Again, Let us go and build / rebuild solution or package.

Once you built, just go to “bin” folder and check, you could see a new folder as “Deployment”.

Open the folder and could see the manifest file has been created in the name of “ImportCSV.SSISDeploymentManifest” which will be used to send for deployment in other machines / servers.

Let us test, how it works? Double click the manifest file and follow the steps as below :

Press “Next” button.

You can deploy the package either in “File System” or “SQL Server” deployment. For this demo, let us go with default option i.e “File System” deployment. Press "Next" button.

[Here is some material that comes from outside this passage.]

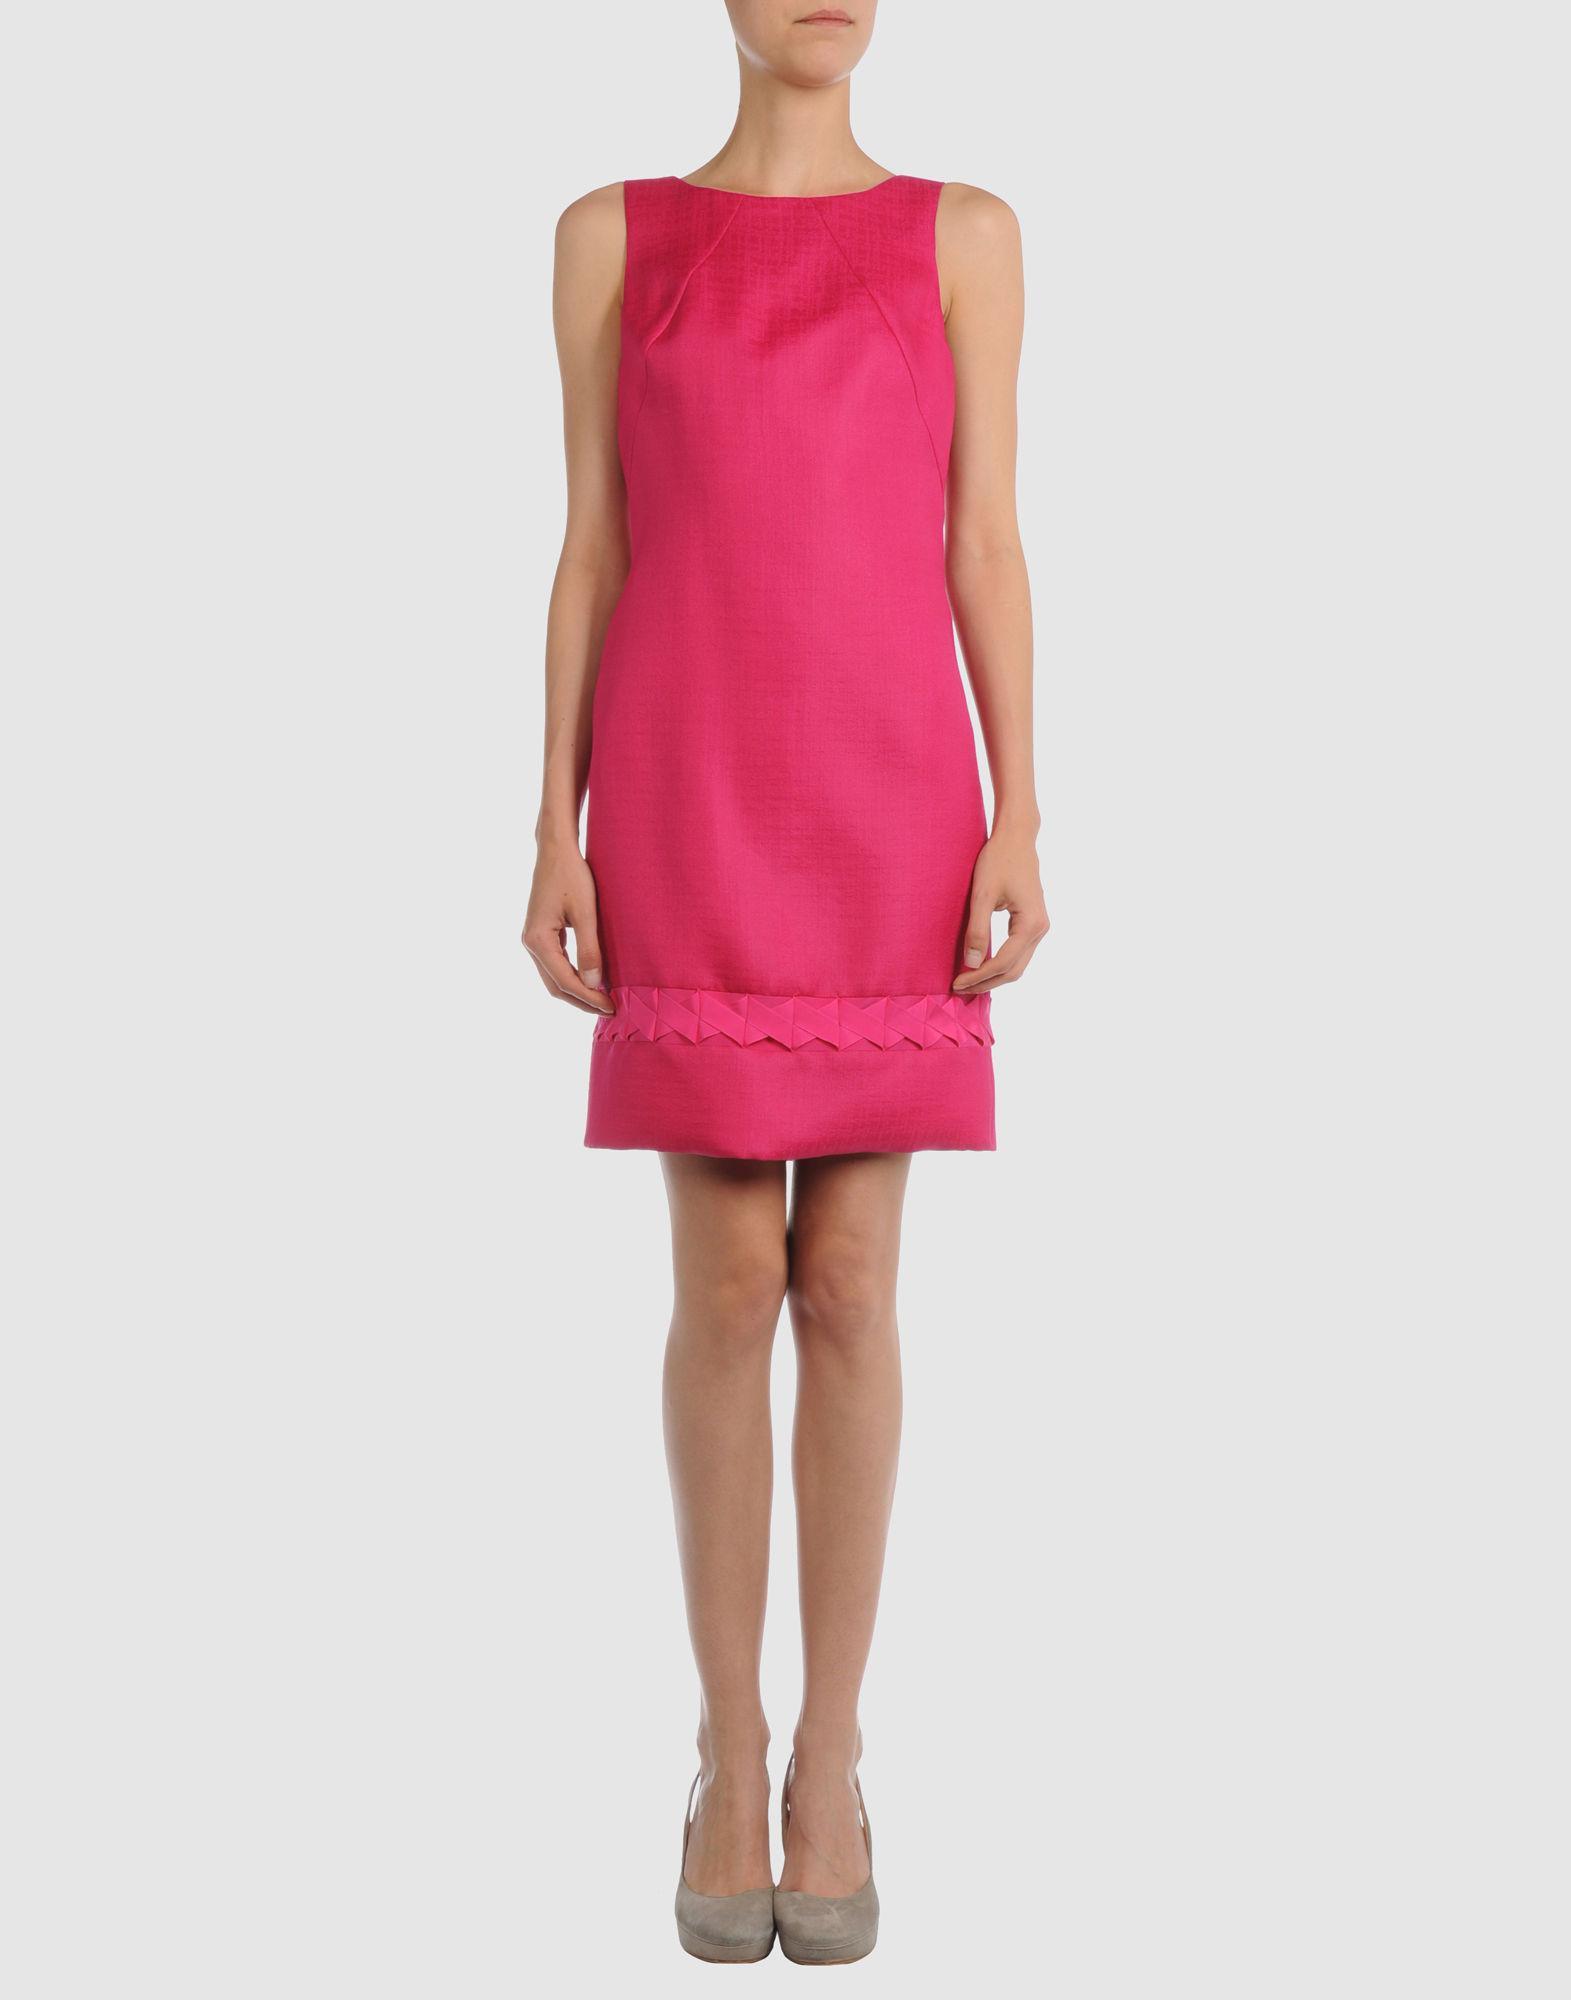 34215473SR 14 f - Evening Φορεματα Versace 2011 2012 Κωδ.35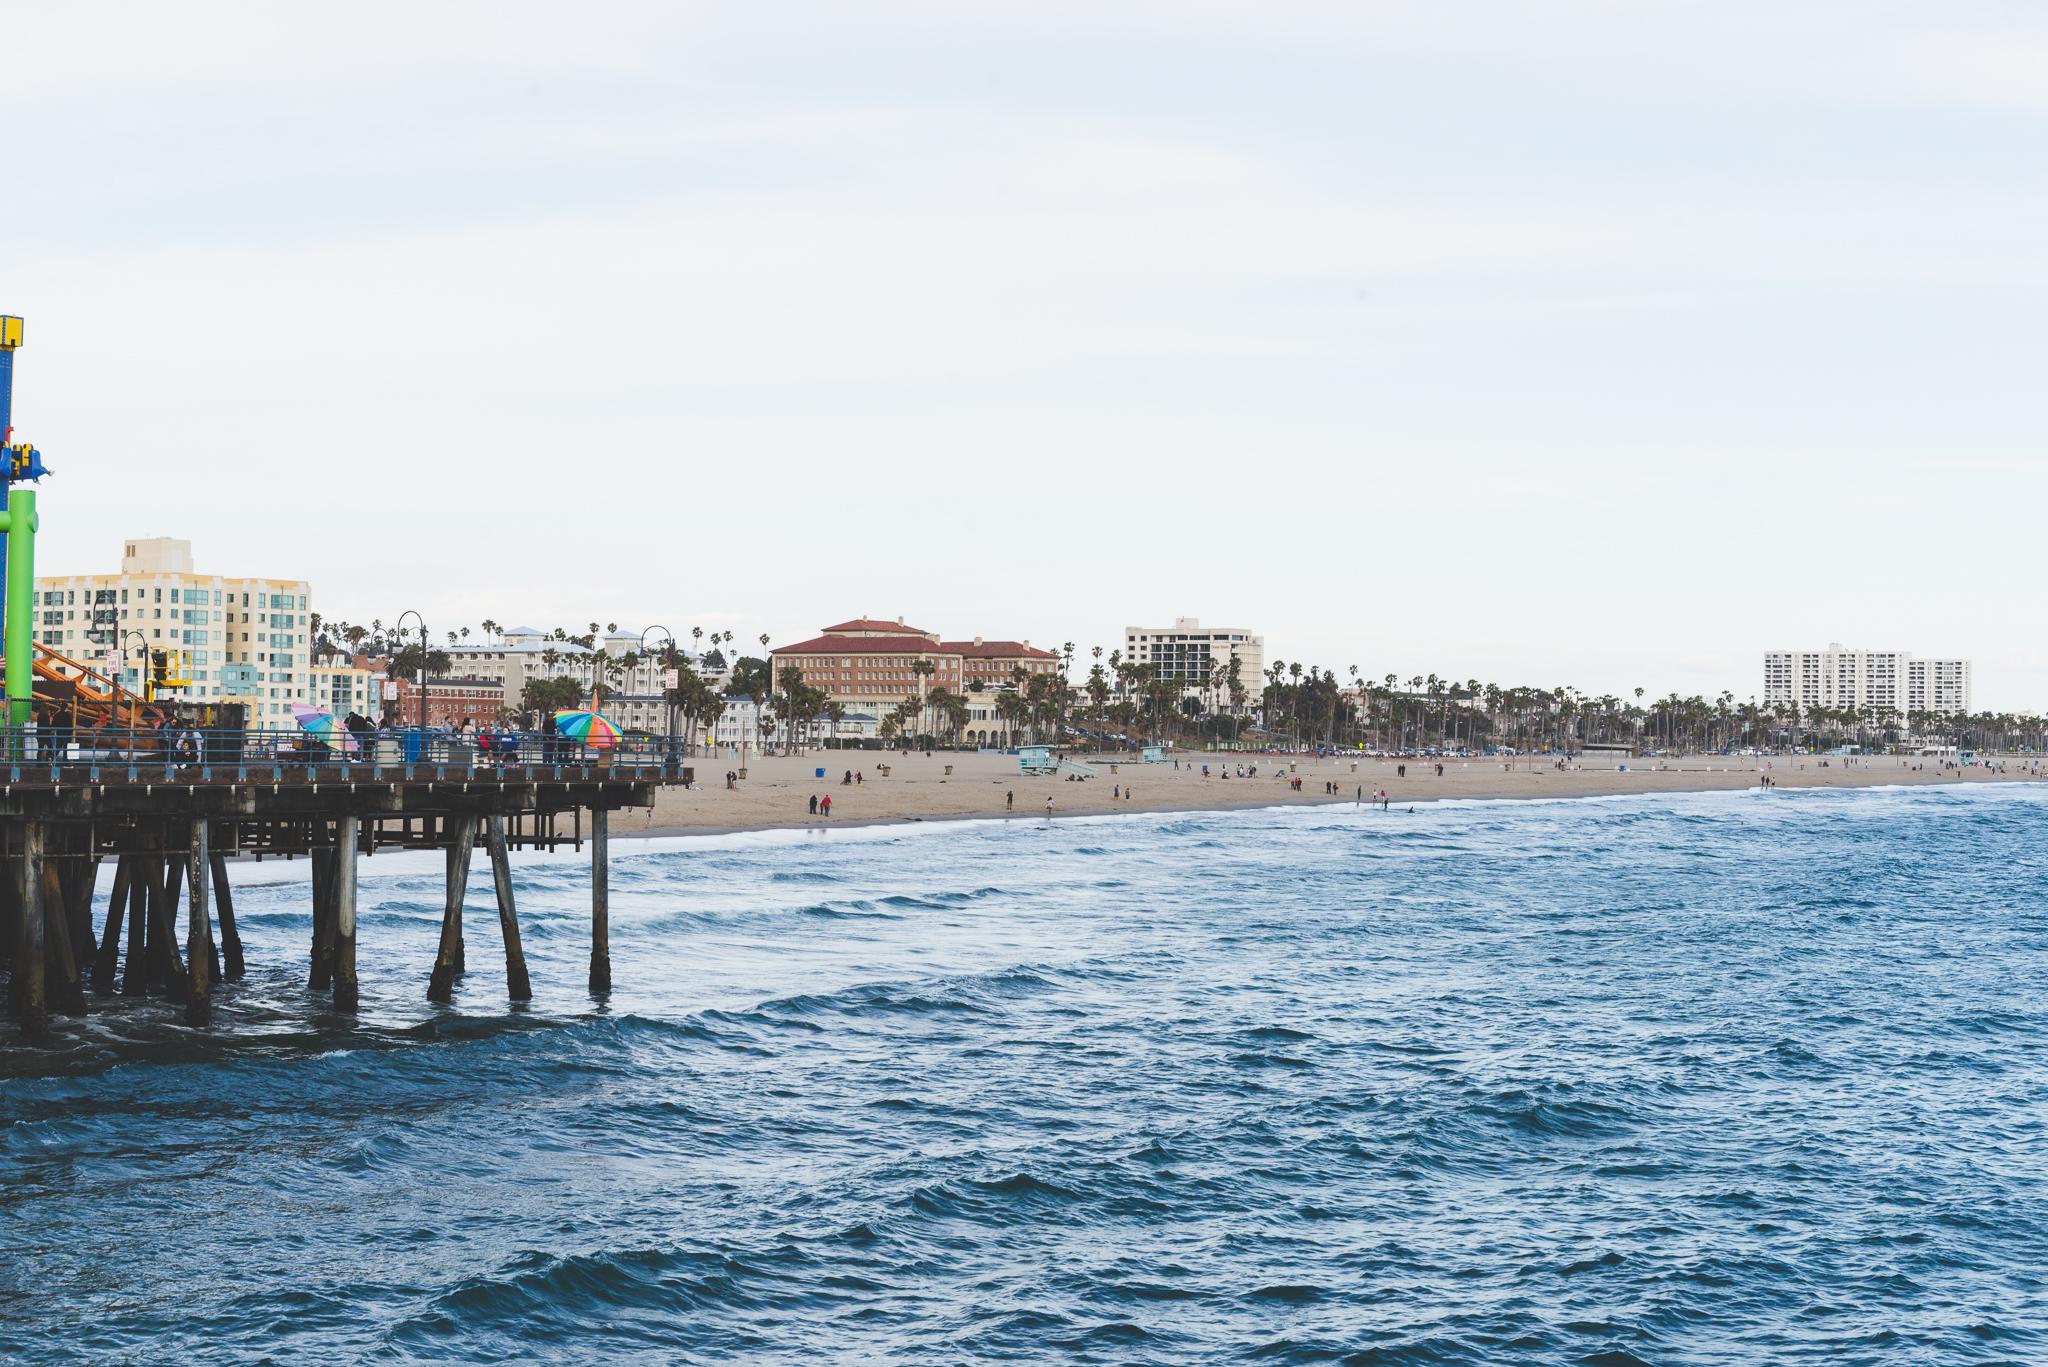 Santa Monica, seen from the pier. / 5/7/16 / Santa Monica, CA

Change the folder location, if you want, otherwise press “Next” button.

Press “Next” button.

Here, you can see the installation details and click “Finish” button to complete the deployment.
In this example, I have not included any configuration or miscellaneous files, so you could see only “ImportCSV.dtsx” file in the deployed folder.

Keep reading this page for XML configuration and adding miscellaneous files in the SSIS package.

Hope, you have enjoyed by reading this article and your comments on this article would be highly appreciated.:)

Note :

  1. Please keep in mind that you cannot deploy a single package, if you have multiple packages in the project. In this case all the packages will be deployed.
  2. For further info, please refer Books Online.